Wading through the Big Data Hype
Is big data really the next big thing—or is it just a way for the big IT shops to scare their enterprise customers into buying more gear and services? While more than 85 percent of respondents to a recent IDG study agreed that big data offered business value, only 23 percent deemed their own projects successful. One begins to wonder if there is less than meets the eye.
Big data is not really new. Companies have been generating and mining vast amounts of information since the dawn of the computer age. While there are plenty of data warehouses in those traditional monolithic systems requiring intense care and feeding, more and more data today is gleaned from multiple distributed sources, formal structured databases, unstructured data feeds, and semi-structured object stores.
What has changed radically is how and where data is stored, consumed, and used. The driving force behind much of this change is the consumerization of the Internet, which generates massive amounts of data (zettabytes at last count). The data that can be reasonably and easily accessed is primarily used for consumer behavior forecasting, which allows for faster and more accurate responses to business opportunities.
H&R Block used it to address a persistent problem that every tax question not answered immediately was a lost sale. Other companies—Hertz, T-Mobile, and US Xpress to name a few—have taken advantage of the tools with good business results, which bodes well for the deployment of more well-executed big data analytic systems in the future.
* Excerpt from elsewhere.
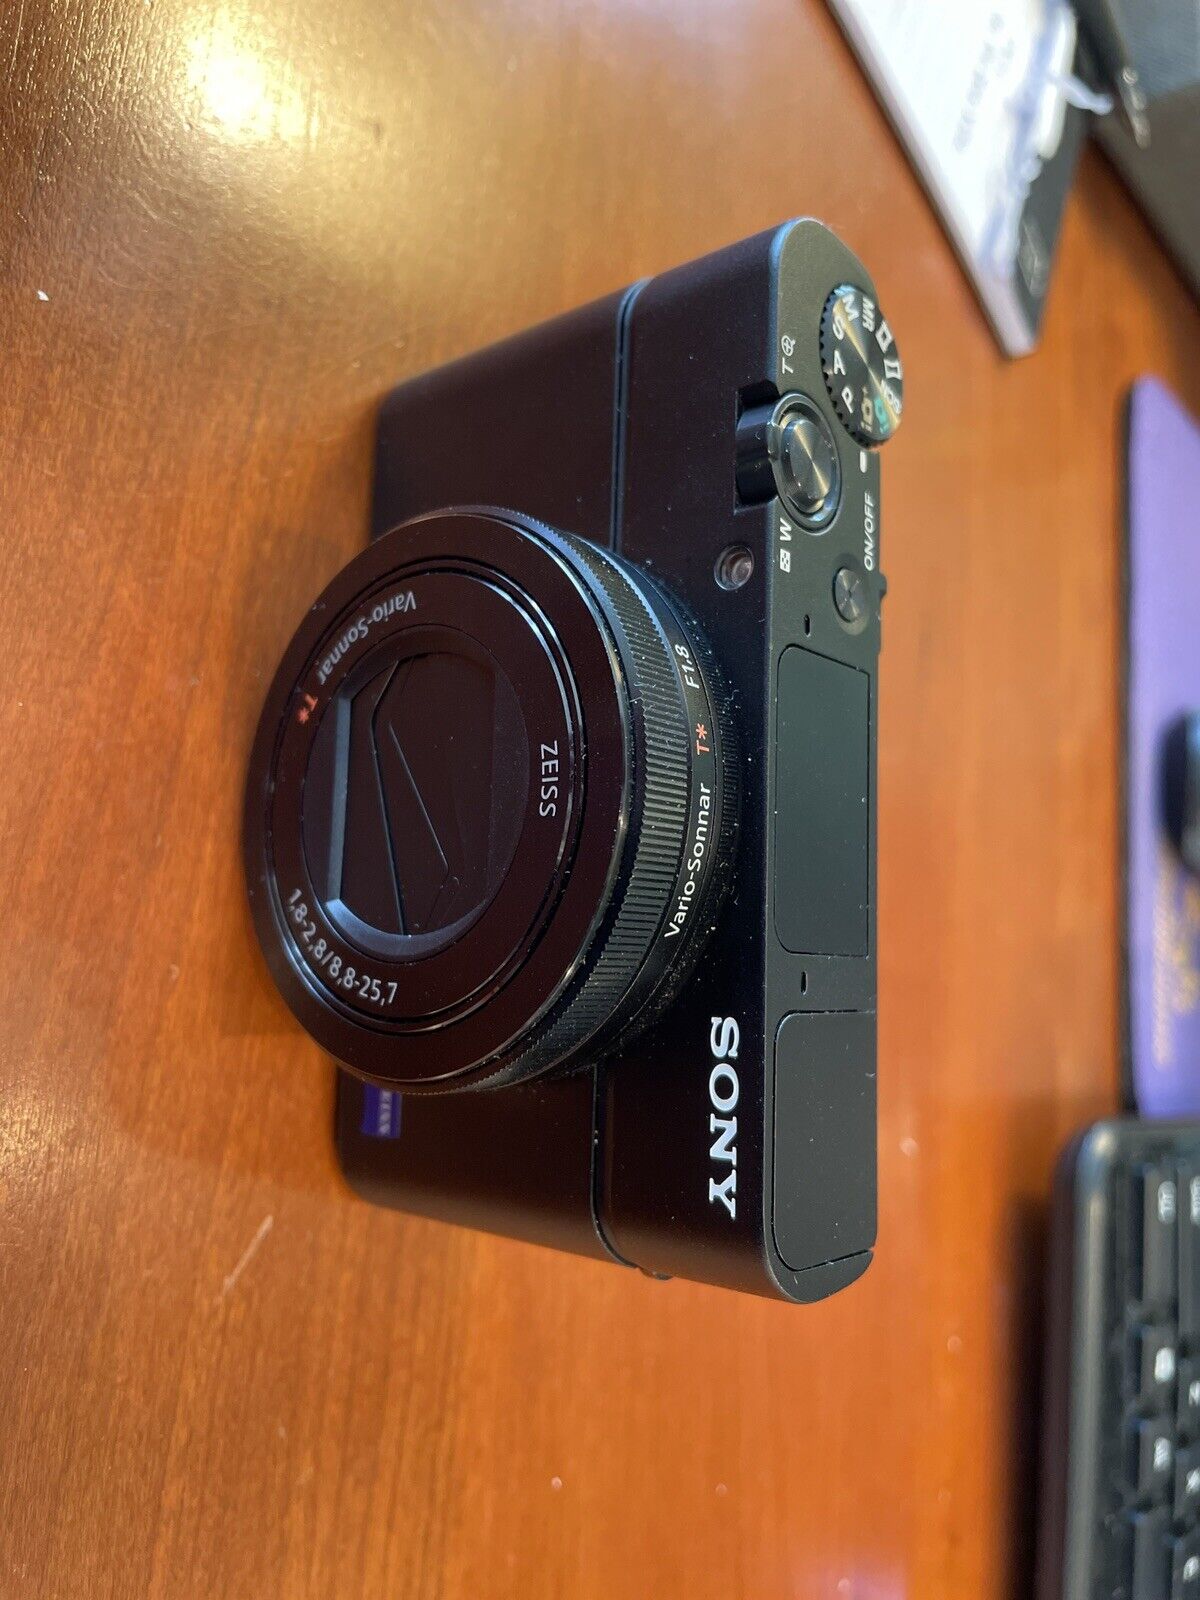 Sony DSC-RX100 III 20.1 MP Digital SLR Camera - Black And Cary Case
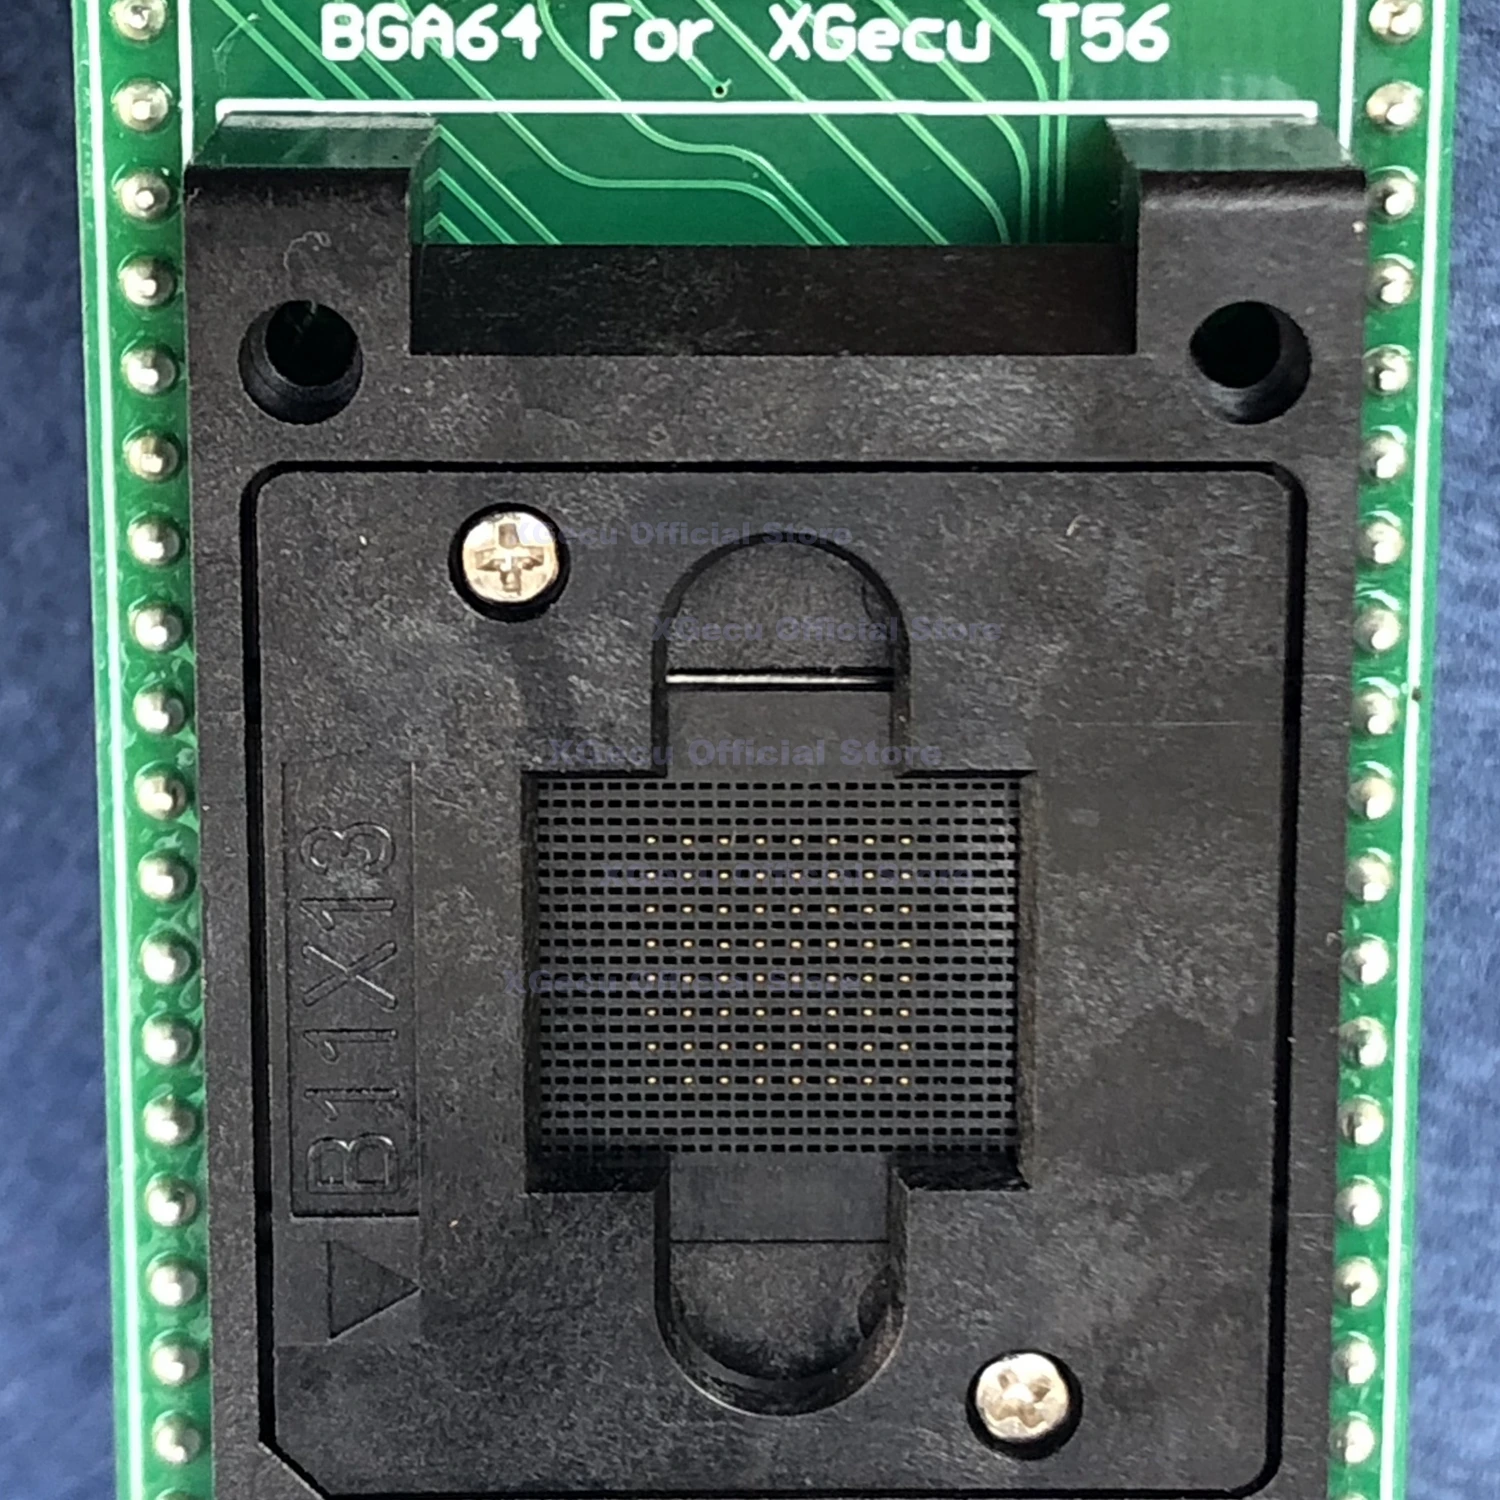 BGA64-DIP48 adaptor IC soclu (XG-ADP-BGA64A-1.0) numai pentru XGecu T56 programator

Several problems need to be addressed before big data becomes just another standard IT tool. It has been estimated that more than 80 percent of the data is unstructured. Such data needs to be appropriately mapped before it can be used effectively. Add the fact that most applications and architectures—with a few well-known exceptions (HaDoop)—are not designed to capture, validate, or analyze all that diverse data.
Another issue is that despite the massive scale of the Internet, more than 96 percent of the interesting data is still locked inside corporate data vaults. IDC estimates that only 0.5 percent of all available data is being processed today. It rapidly becomes clear that just writing big checks to large IT vendors with expensive solutions to this systemic problem is not the correct answer. Like the complex multimillion dollar ERP system implementations twenty years ago, it takes time for best practices and supporting tools to shake out.
The trick is qualifying the validity of the data and building analytics applications that can capture the nuggets of actionable knowledge buried among all those Beiber and Lady Gaga tweets. Really, what buried marketing treasure is uncovered with the knowledge that Justin Bieber (#justinbieber) has 39 million Twitter followers? Quick, cash in on Bieber-branded anything before he becomes yet another footnote in pop music history.